Using a gene editing system called CRISPR, scientists are able to identify combinations of genes that work together to make bacteria more vulnerable to antibiotics. The system works by targeting specific genes that allow bacteria to survive antibiotic treatment.
“This is a pretty crucial moment when there are fewer and fewer new antibiotics available, but more and more antibiotic resistance evolving,” Professor Lu says.
No new classes of antibiotics have come onto the market for more than 25 years and some 25,000 people in Europe die every year due to antibiotic-resistant infections.
The CRISPR system involves a set of proteins used by bacteria to protect themselves from viruses (bacteriophages). One protein, the DNA-cutting enzyme Cas9, binds to short RNA guide strands that target certain sequences.
Prof Lu and his team designed RNA guide strands to target genes for antibiotic resistance, including the enzyme NDM-1. This enzyme is responsible for resistance to a range of beta-lactam antibiotics.

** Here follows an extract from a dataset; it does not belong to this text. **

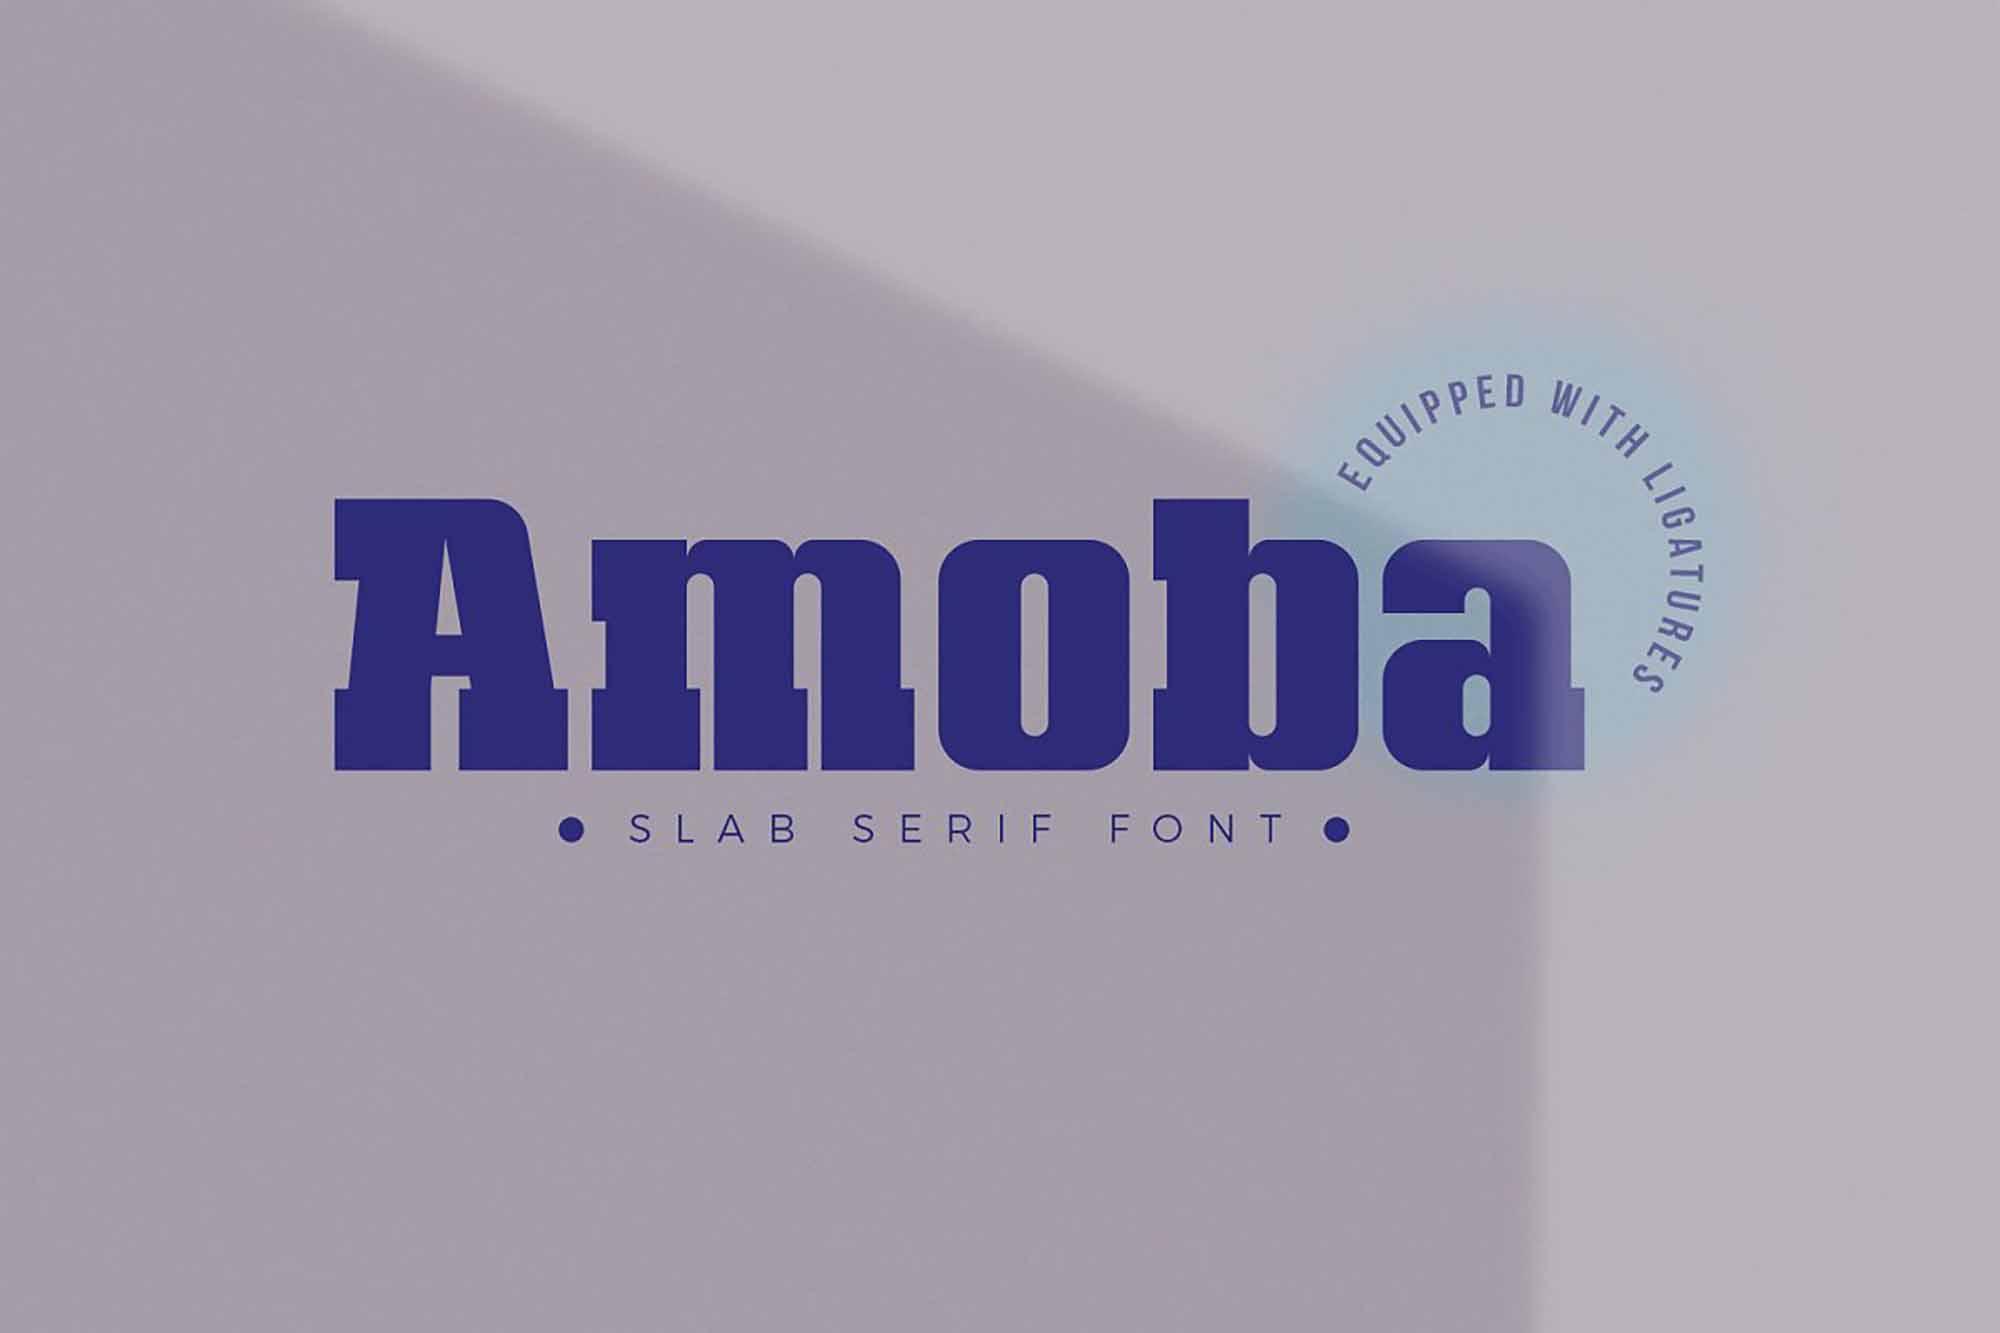 Amoba Slab Serif Font 6

The team found that they were able to kill more than 99 per cent of bacteria carrying NDM-1.
Researchers also managed to target SHV-18, a mutation in bacterial chromosomes that provides resistance to quinolones and is a virulence factor in enterohaemorrhagic E. coli.

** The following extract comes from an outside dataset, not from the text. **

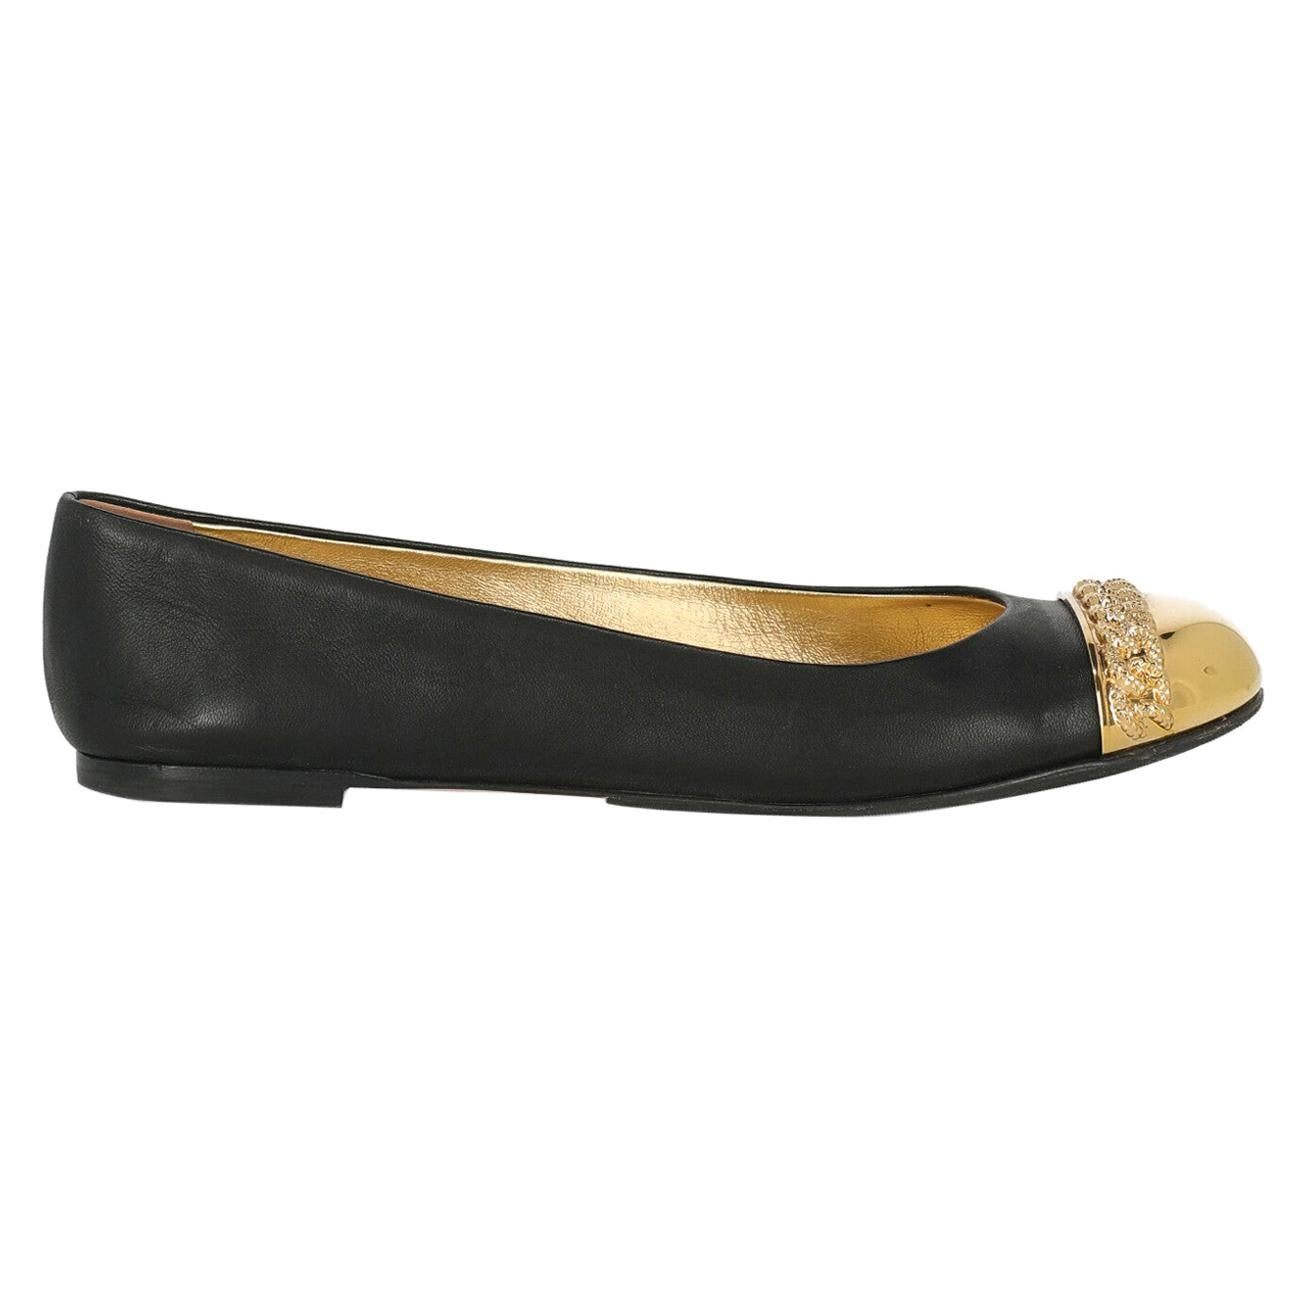 Casadei Woman Ballet flats Black Leather IT 37.5

The system is currently being tested on mice. It is hoped that it may be eventually adapted to treat infections and remove unwanted bacteria in humans.
“This work represents a very interesting genetic method for killing antibiotic-resistant bacteria in a directed fashion, which in principle could help to combat the spread of antibiotic resistance fuelled by excessive broad-spectrum treatment,” says Ahmad Khalil, an assistant professor of biomedical engineering at Boston University who was not part of the research.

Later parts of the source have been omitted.